The 1st Internal Disability Rights Moot Competition

On Friday 3rd November 2017, the School of Law held the first ever internal moot  court on disability rights on the theme; Accessibility to services.The overall objective of the moot competition was to enhance disability rights awareness within the community at the School of law and the entire University community. 

The moot entailed a hypothetical question drawn by members of the Disability rights project at the school of law and shared with the students. The students formed 4 teams of three members and argued their cases before a panel of judges in the preliminary round.  The best two teams argued the case at the final stage. 

The competing mooters were continually guided in the course of the moot in areas like composure, calmness, language usage and overall preparedness and research in the human rights systems and norms.  The moot as an activity empowers young law students with practical skills to engage, present and argue human rights cases before competent national, regional and international human rights bodies/courts.

The best team was comprised of Kasibante David,  Cheptoek Belinda and Twine Rehema. The best male oralist was Kaddu Jeffery while the best female oralist was Twine Rehema.

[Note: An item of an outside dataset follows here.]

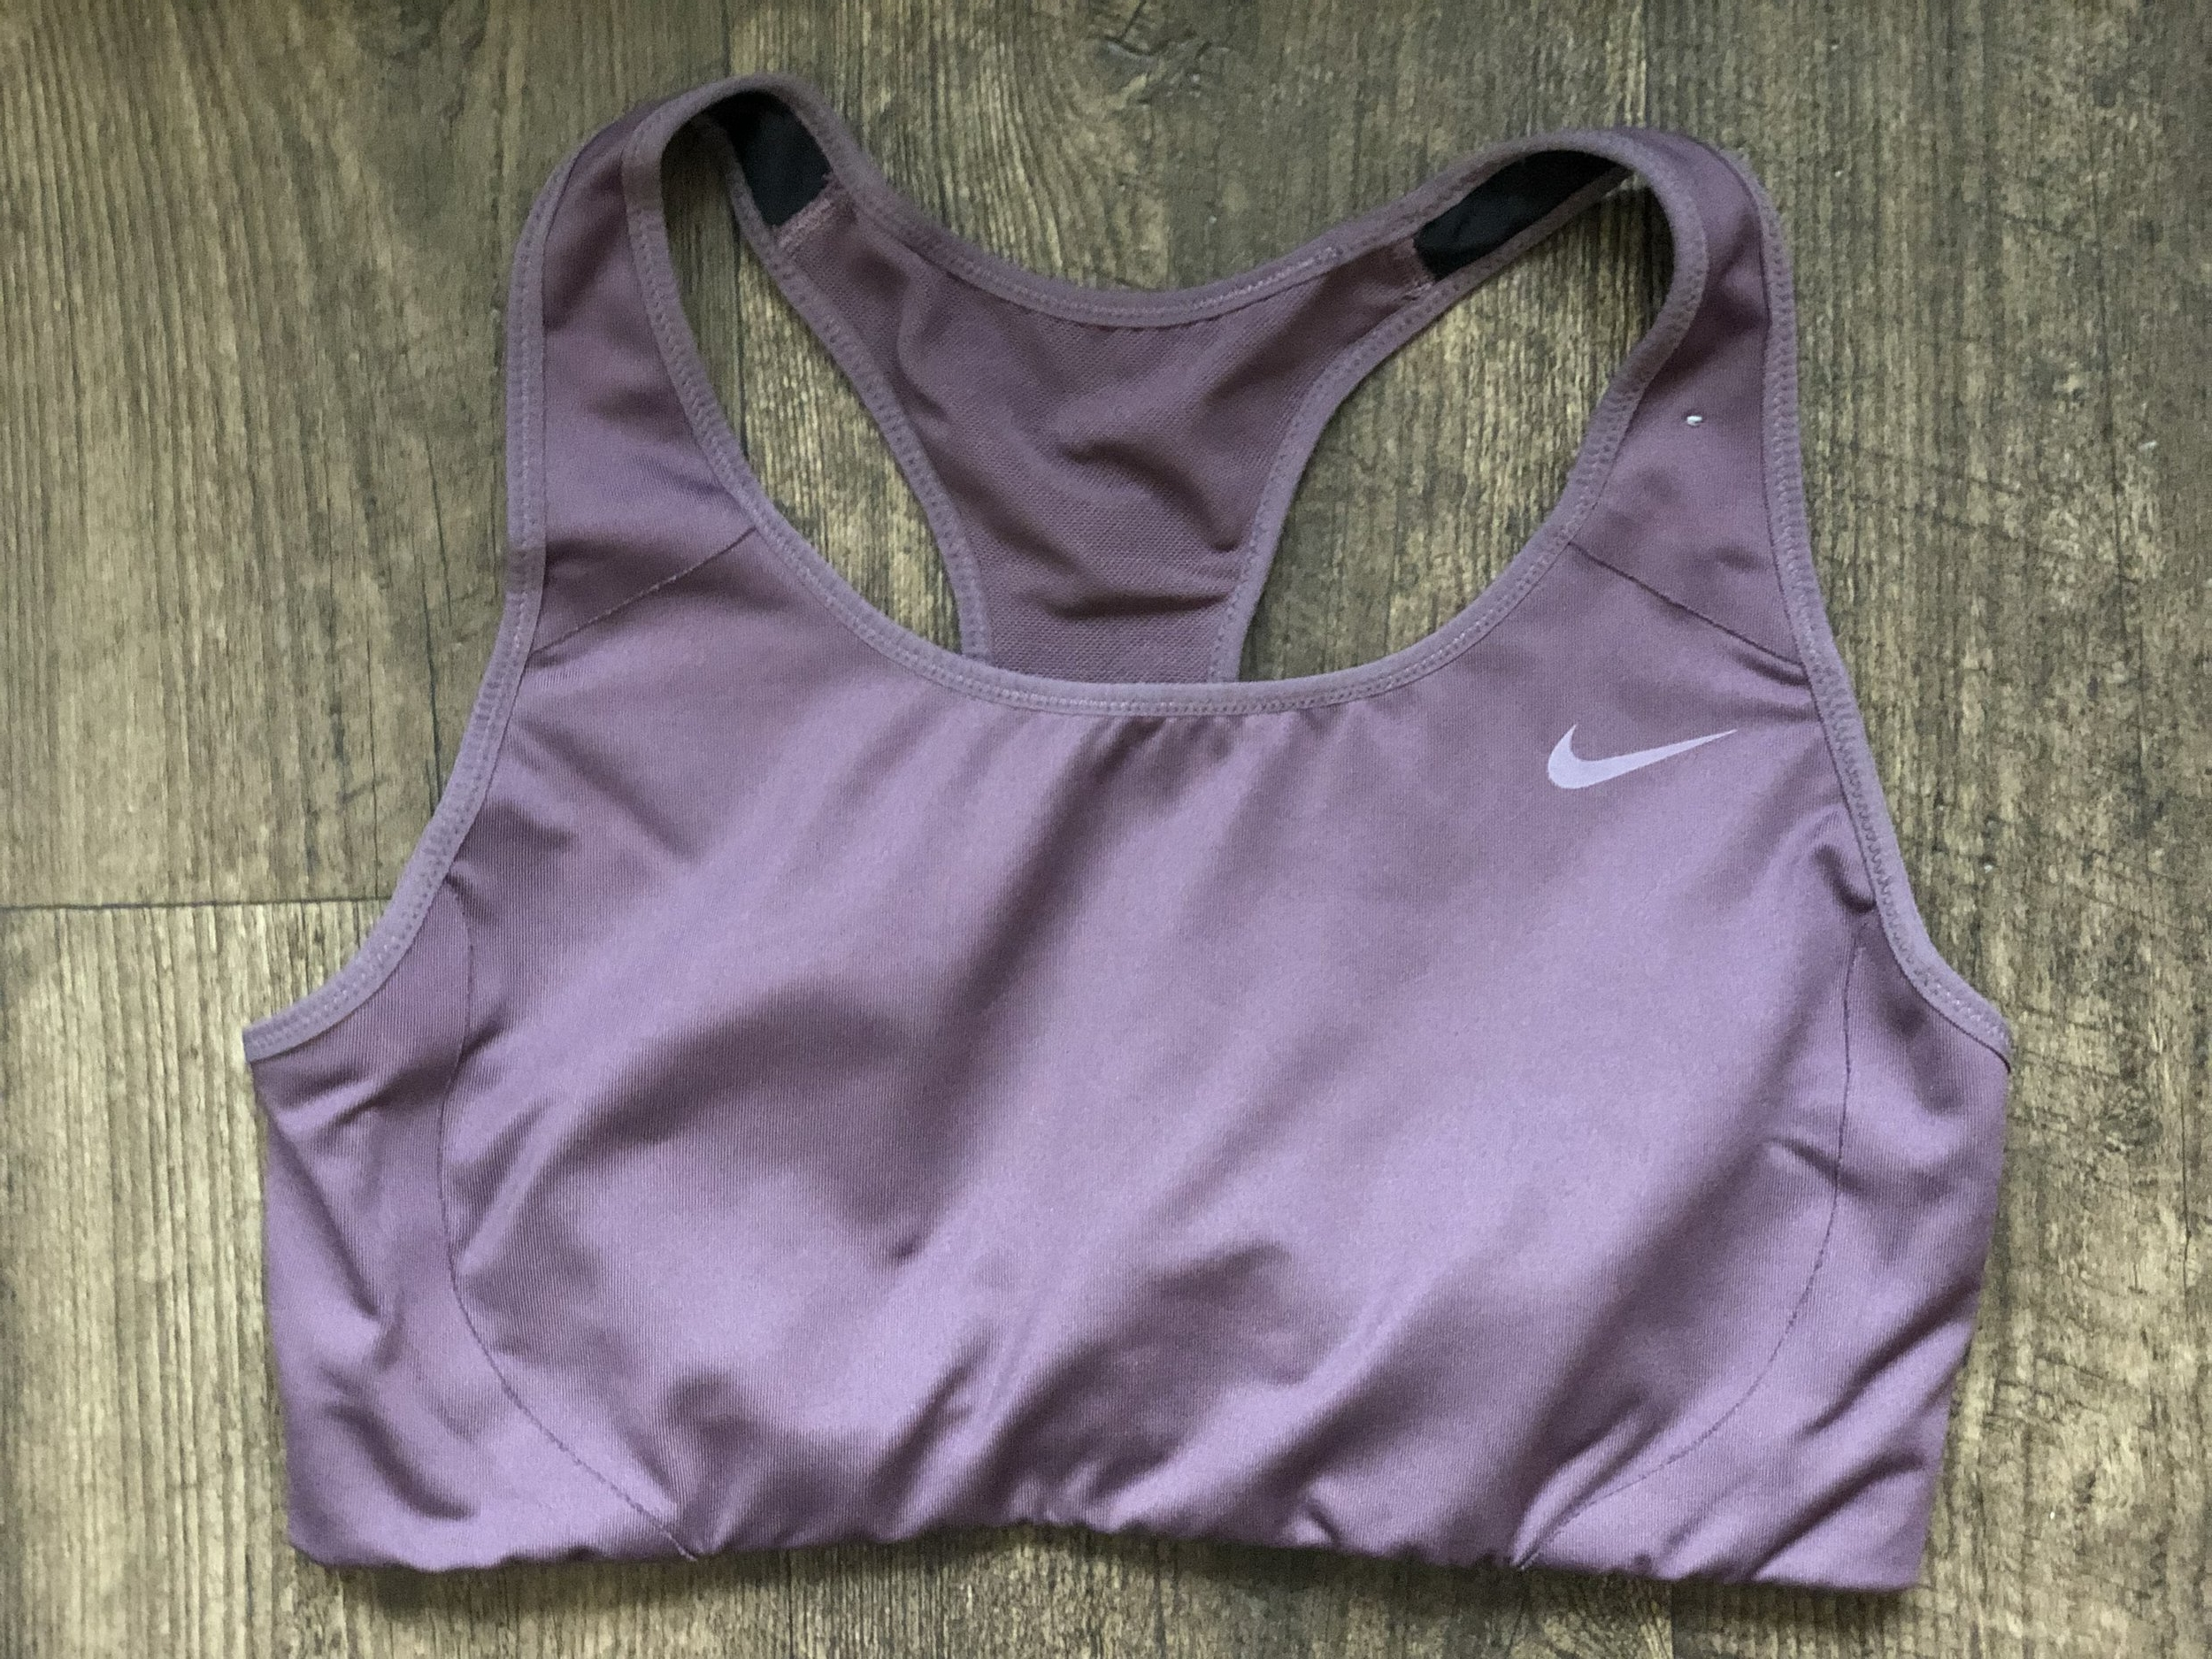 Nike Classic // $15

The principal school of law Dr. Christopher Mbazira commended the organizers of the moot as well as the school of law community that turned up. He said there was need to create such awareness among young lawyers in view of the rights of persons with disabilities to adequately prepare for the real life experiences in the world of work. He said the school of law is slowly but steadily addressing the challenges incapacitating the students with disabilities to study as well as other able bodied students.

The event was graced by some of the disabled alumni of the School of Law that included Kasule Isaac who was the first visually impaired law student in 1996 in the school of Law and Florence Ndagire equally visually impaired. 

While sharing his experience as a pioneer visually impaired student, Isaac Kasule said after his admission, the School of Law and the entire University did not know how to handle him given that the law program demands a lot of reading. He said in order to cope with the challenges before him and to prove his worth, he had to design his own writing kit having become blind after learning how to write. This coupled with extra efforts and support from family and friends enabled him to prove himself capable of undertaking the law program where he even excelled becoming the best in the class.  

The Disability Rights project in the School of Law has in the past oriented teaching staff and administrators on the issues of Disability with a view of changing their mindsets and outlook whenever faced with students with disabilities in the course of undertaking their work. It is also expected that the teaching of Disability Rights law will be taken on in the school of Law as stand-alone but also as mainstreamed into the current programs.